Re: RARA-AVIS: What led to Dark Ride?

From: Kukana Fields ( kukanafields@yahoo.com)
Date: 09 Sep 2005


Bill,

First let me say that I've been very gratified and thankful to read the mail about Dark Ride and some of my other books. I will answer your question and Mr. Borgers question in a moment, but I just have to say how gratifying it is to read the nice things people have said today. Thank you. It's not been easy, as the industry has not received my work with the same enthusiasm to say the least. So these nice things are like finding water in a desert. Keep in mind, I was told to put "Dia De Los Muertos" in a drawer and forget about it. I've never forgotten that.

 

OK, your question about Dark Ride first. (I'll answer Mr. Borgers question in a separate email.)

 

 I had read one of Thompson's novels, it was a Black Lizard paperback. (The one about the fire insurance investigator the title escapes me right now and perhaps it's not important which one really). My brother left it at my house by mistake. It was really an accident that I read Thompson! I had not read much crime fiction and never heard of Jim Thompson. I was thunder struck after reading it. And very moved. It was a voice that I'd been looking for. A new voice, for me anyway. I was writing novels but was unpublished. I had been so influenced by Hemingway's voice and others, Lawrence, a lot of the Brits they were seminal to my style and still are. But I found a voice in Thompson that I could really relate too at that moment. It was the right voice at the right time. I was going through a bad patch myself working in Oakland and getting shot at everyday. Broke all the time etc etc. Then Gulf War One started and my response was to write Dark Ride out of the blue really and i!
 n the
 Thompson style.

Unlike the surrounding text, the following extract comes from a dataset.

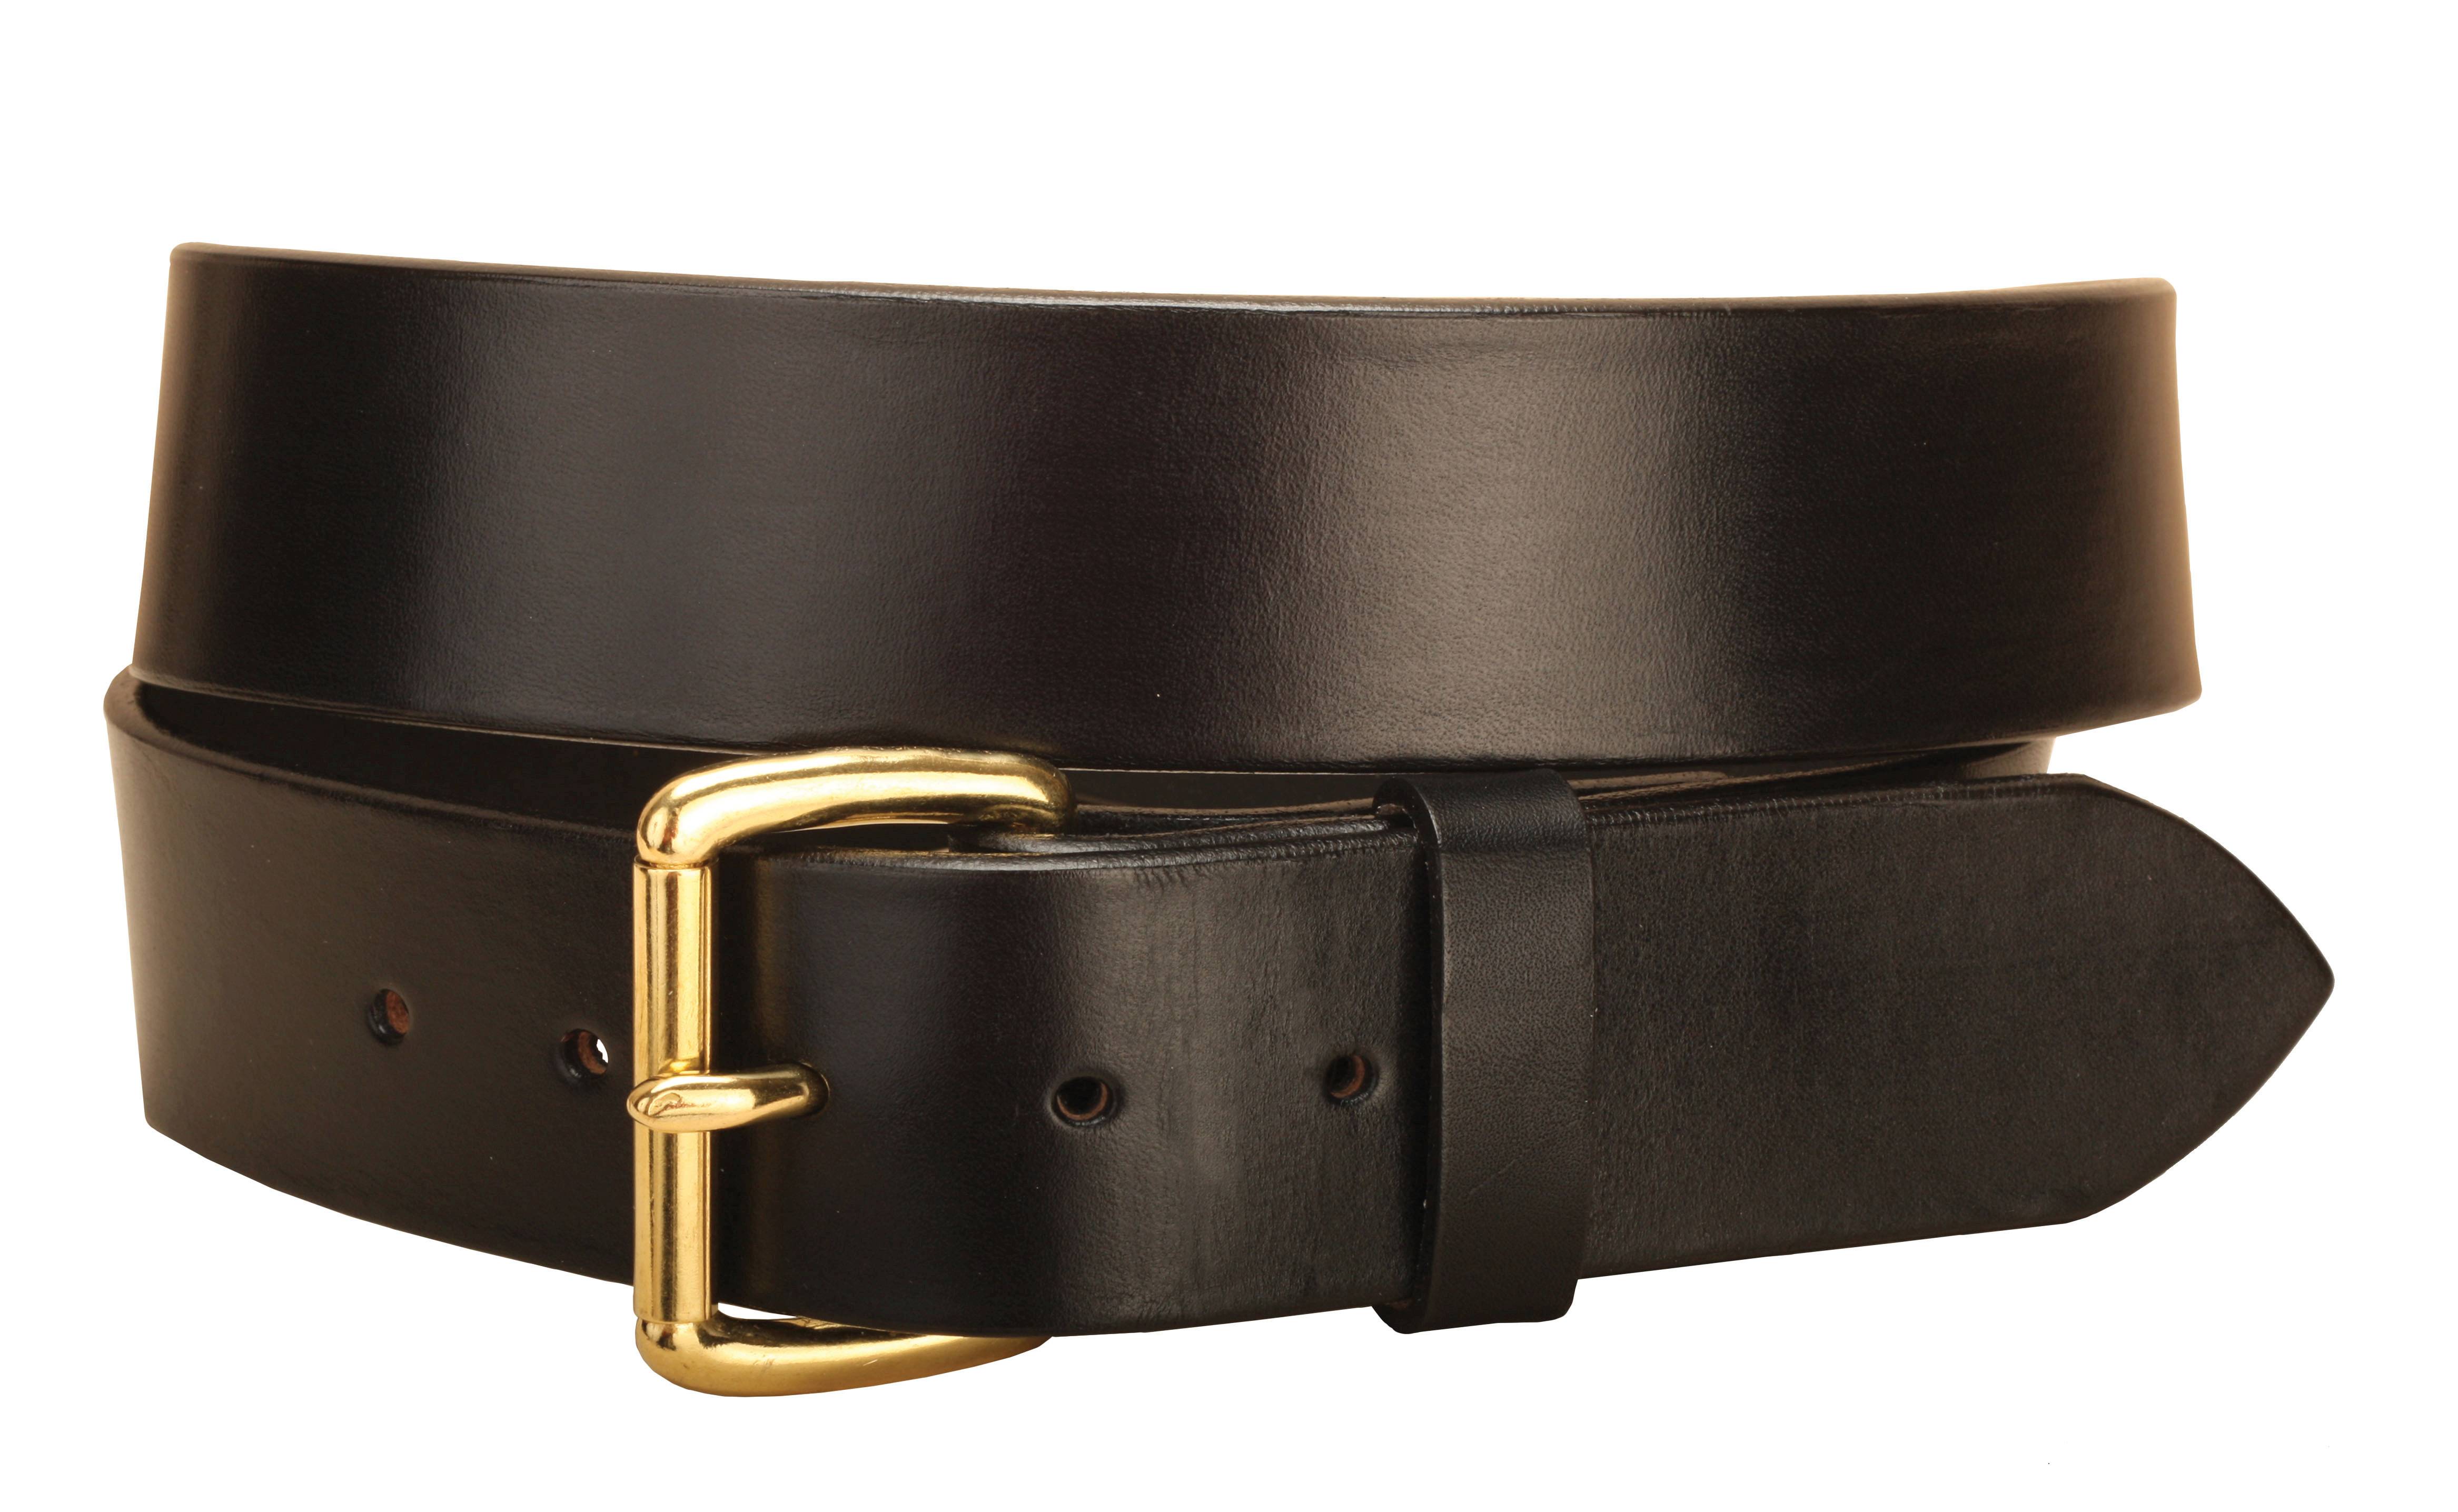 Tory Leather Anchor Buckle Strap Leather Belt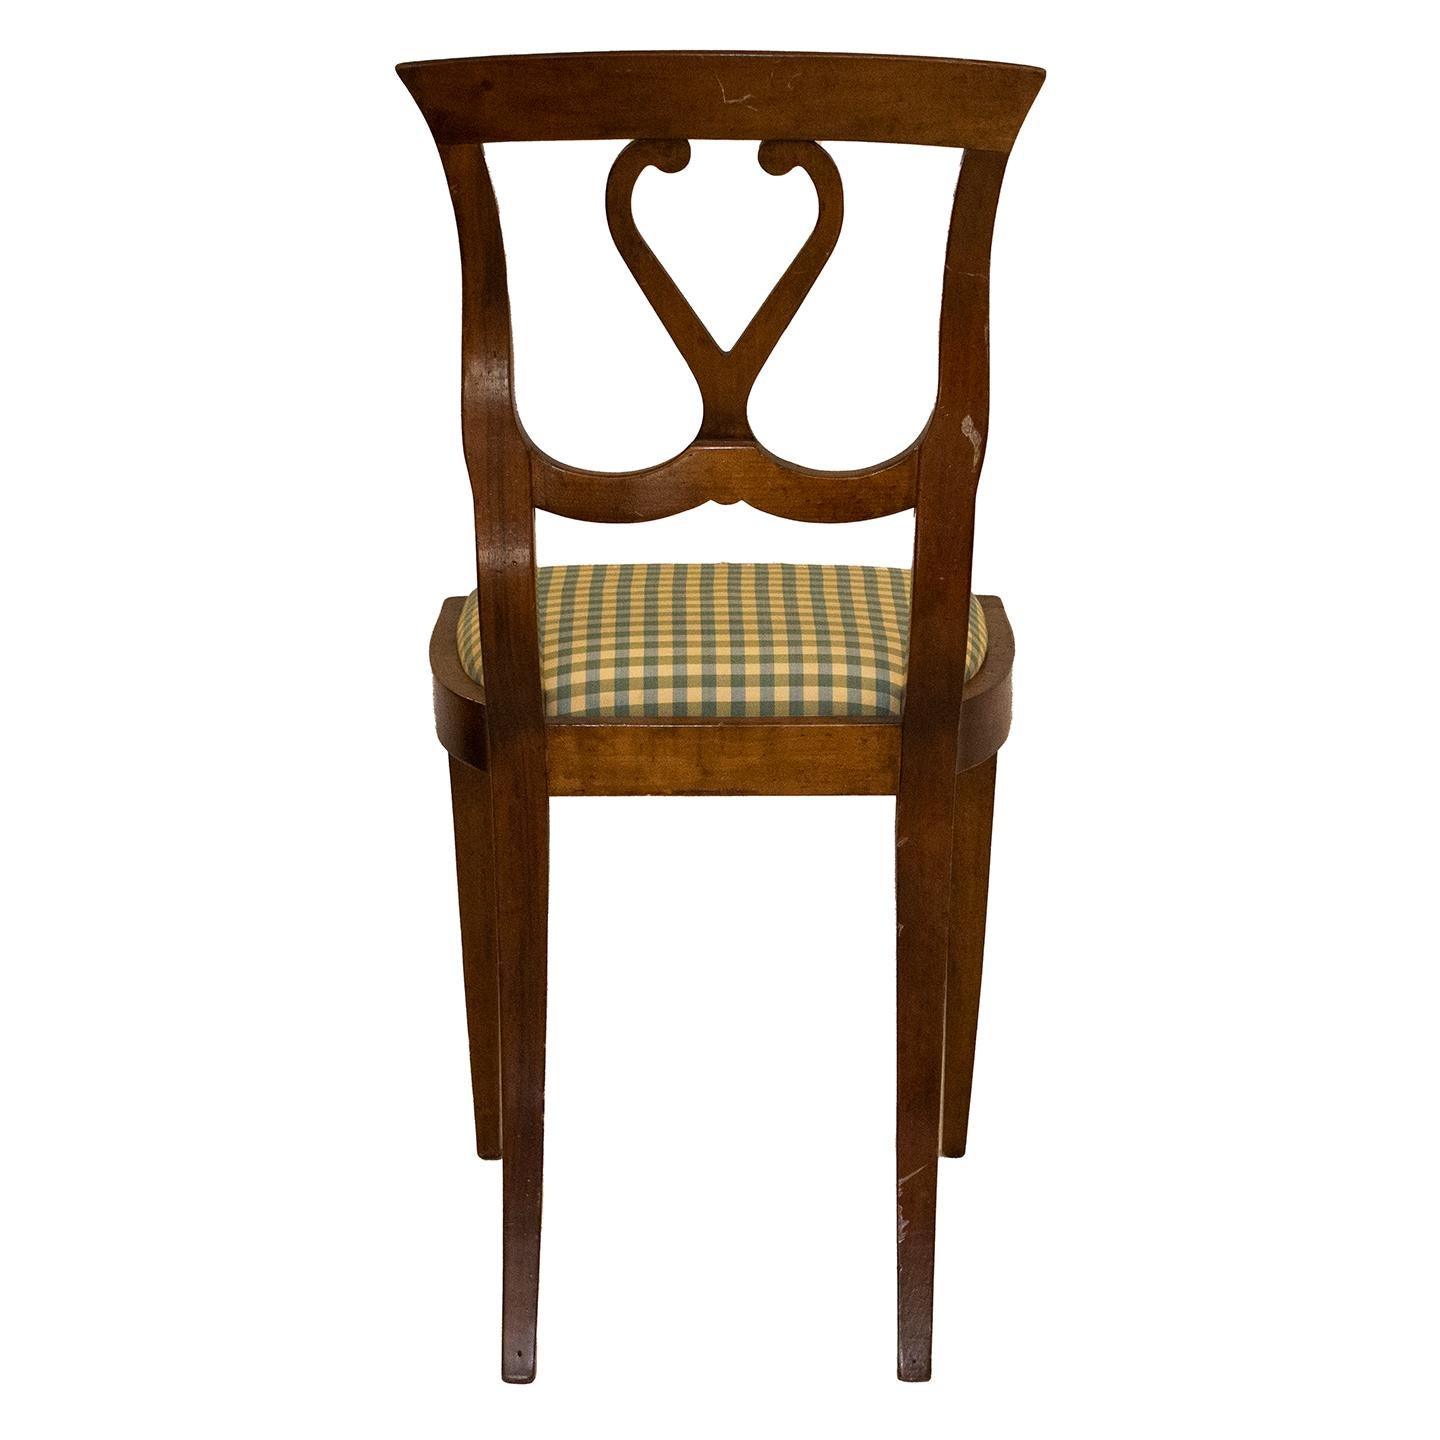 Mid-20th Century Vintage French Single Chair

It was a kind of freedom to try to conjure up that voice; I didn't plan the book. I just sat down and wrote it. (I wrote that book on a clipboard during the day, when I could at work, then would drink brandy and transpose it to my computer at night, all very intense.[your best work you seem to disappear into completely like a love affair.) The book both reflects things I wanted to say about society, frustration, youth, sex, about a lot of things; it was spontaneous. In some ways I don't understand it's power. There is something about Jimmy's anger that is very powerful and frightening I know that.

It's interesting to note that a lot of bookstores wouldn't carry it. I think women found it off putting in part because it was so much about a young man's point of view (Something that was not in vogue). His desire for power, gratification, success.

The industry wanted me, I think, to be a junior Jim Thompson after that book. Of course, I rebelled, as I found that idea ridiculous and foreign as Dark Ride had been an honest attempt to use Thompson's style of music to say something Kent Harrington wanted to say.

One last thing. I've felt a great deal of respect for Mr. Jim Thompson since. I think Lou Ford is one of the great American literary characters, maybe also one of the great characters in World Literature.

kent

William Denton < wtd@pobox.com> wrote:Kent, how did you come to write DARK RIDE? What made you write something in that vein, with those inspirations, at that time? I'm afraid I don't know if you'd done any other writing before that, such as short stories or TV or movies. Can you fill us in?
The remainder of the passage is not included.